Reading the reports it sounds like a real battle. Tyson is loud and brash. But also a lot of fun and entertaining. Probably the best heavyweight the UK has ever produced.

But I like him because he is happy to bring his own mental health issues to the public and let them know it is ok to talk about these things.


----------



## Milzy (10 Oct 2021)

steveindenmark said:


> Tyson Fury retained his titler by knocking out Wilder in round 11 in the third of their fights.
> 
> Reading the reports it sounds like a real battle. Tyson is loud and brash. But also a lot of fun and entertaining. Probably the best heavyweight the UK has ever produced.
> 
> But I like him because he is happy to bring his own mental health issues to the public and let them know it is ok to talk about these things.


Fury has a high boxing IQ on top of been a huge unit. Usyk is a very gifted boxer but he’s come from a cruiser weight so not sure he could beat him.
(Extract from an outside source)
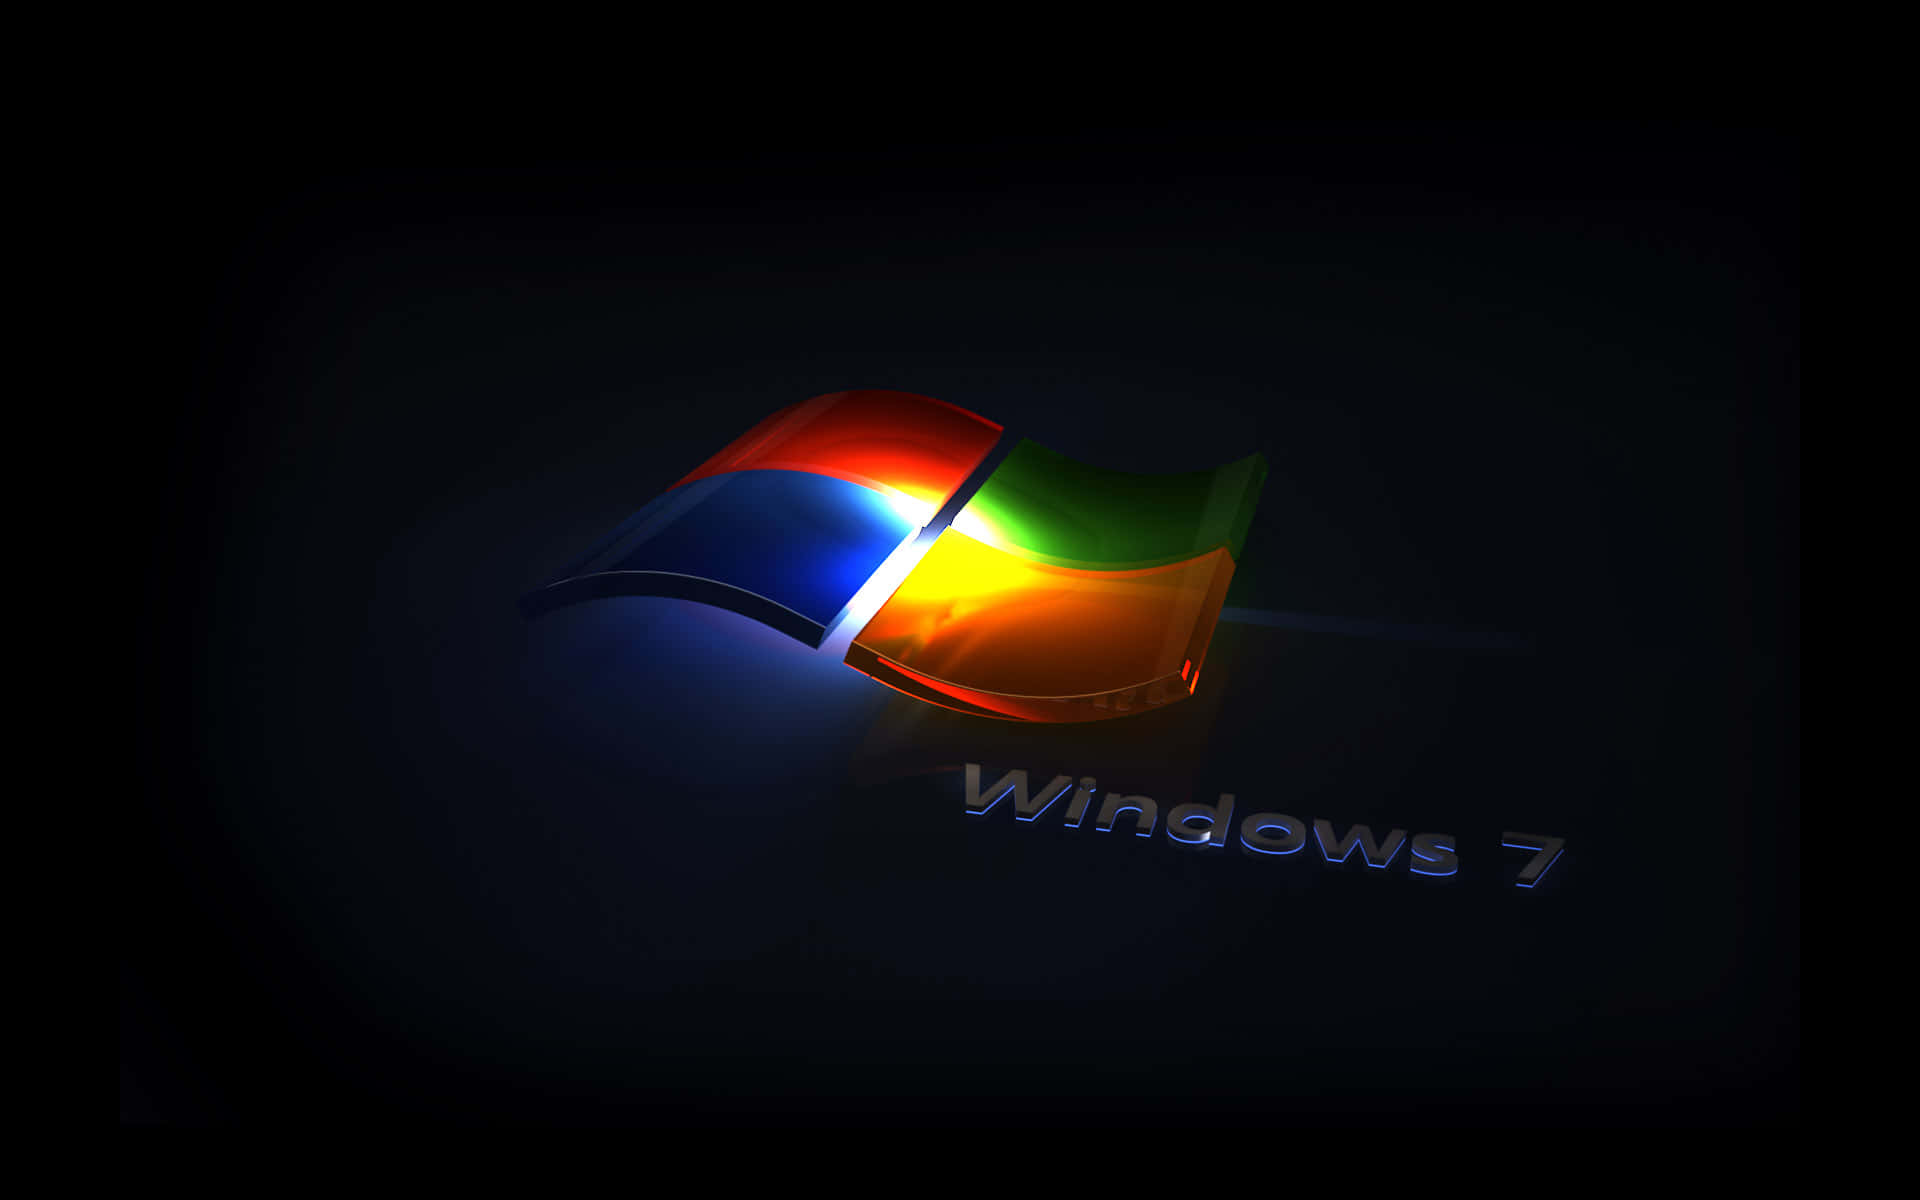 Njutav Skönheten I Windows 7's Estetik

AJ’s boxing IQ is too low and Usyk will best A J again.
Wilder gave it a good go but Fury is clever & knows Wilders wind milling style.


----------



## steveindenmark (10 Oct 2021)

I think Usyk is a great boxer. But Tyson Fury is just too big for him. He is a Mountain of a man with a huge jab and can hit hard.


----------



## Drago (10 Oct 2021)

I wouldn't rule Usyk out, hes a far better boxer than Wilder or AJ, but the odds still sit with Fury in my mind. Apparently Usykmks relishing the thought of an AJ rematch because he'll get to beat AJ up "all over again" 
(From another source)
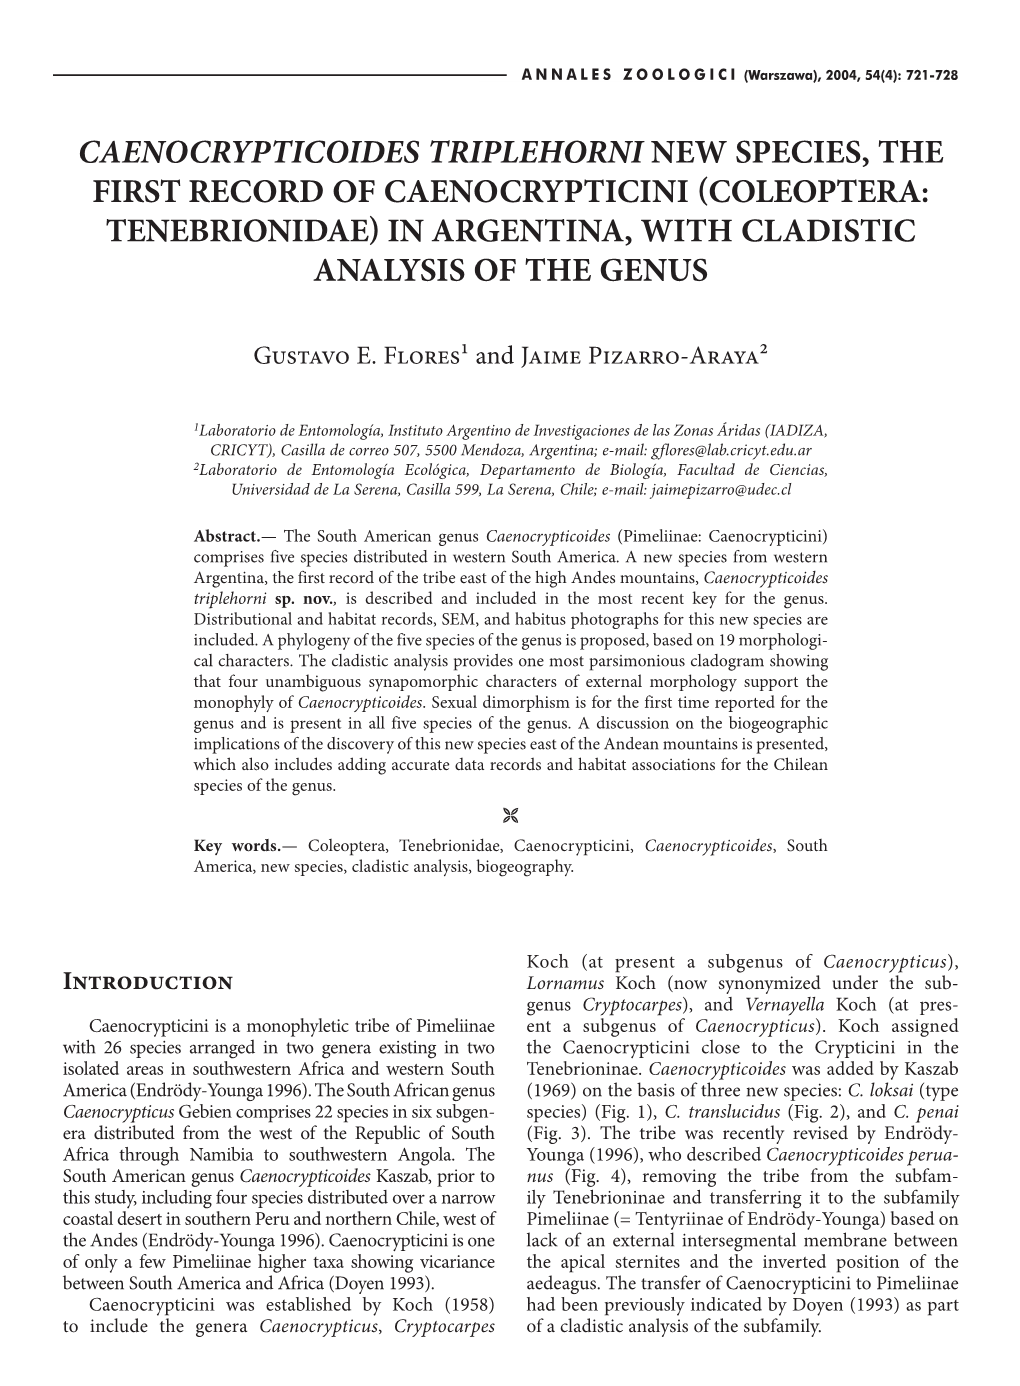 Caenocrypticoides Triplehorni New Species, the First Record of Caenocrypticini Coleoptera: Tenebrionidae in Argentina, with Cladistic Analysis of the Genus

AJ needs his bumps feeling if he thinks he has any chance of beating fury. Hes a mediocre boxer, and thats being generous, who's physical attributes have taken him probably further than they should have done.


----------



## carpiste (10 Oct 2021)

As a kid I watched the great with my dad, Ali, Foreman, Norton, Hagler, Leonard, Hearns et al. 
We used to watch, or listen to (radio) some of the great fighters and fights throughout the 70`s and 80`s and I still believe we were blessed to witness the greats. 
As boxing left our screens and went to Sky and BT fans lost touch with boxing. MMA took over and even that has now gone beyond what most fans can afford to follow with PPV.
Fury, like the greats of old, will be remembered as a truly great boxer/ fighter. No matter what happens next, no matter who he goes on to fight. Wilder will be left as a footnote at best and I really don`t see anyone coming through the ranks to knock Tyson Fury off his pedestal.
My Grandson is a fan. He watches the boxing and MMA and Fury is pretty much the best and the first, for him, boxing legend. He`s 18.... I had all the greats to watch and grow up with.... he has one 
Joshua, Usyk, Whyte can`t touch Fury and unless time catches up with him I can only see more wins for Tyson and little hope for the rest.
Watching the fight this morning, I have to admit, it was like going back in time and being sat watching the fight with my Dad. He would have loved to have seen Fury, loved all the fun he has brought back to boxing and loved that a UK boxer has taken it all from the USA best


----------



## HMS_Dave (10 Oct 2021)

It's hard for boxers to figure Fury out. He's tall and looks like he eats pies all day washed down with 50 pints of special brew. But he's so light on his feet that im not sure he'd break an egg shell. It's a confusing anomaly that his opponents and their trainers struggle to form a realistic strategy against. Wilder gave it a damn good go, but in the end Fury just had more tools in his locker.


----------



## Milzy (10 Oct 2021)

steveindenmark said:


> I think Usyk is a great boxer. But Tyson Fury is just too big for him. He is a Mountain of a man with a huge jab and can hit hard.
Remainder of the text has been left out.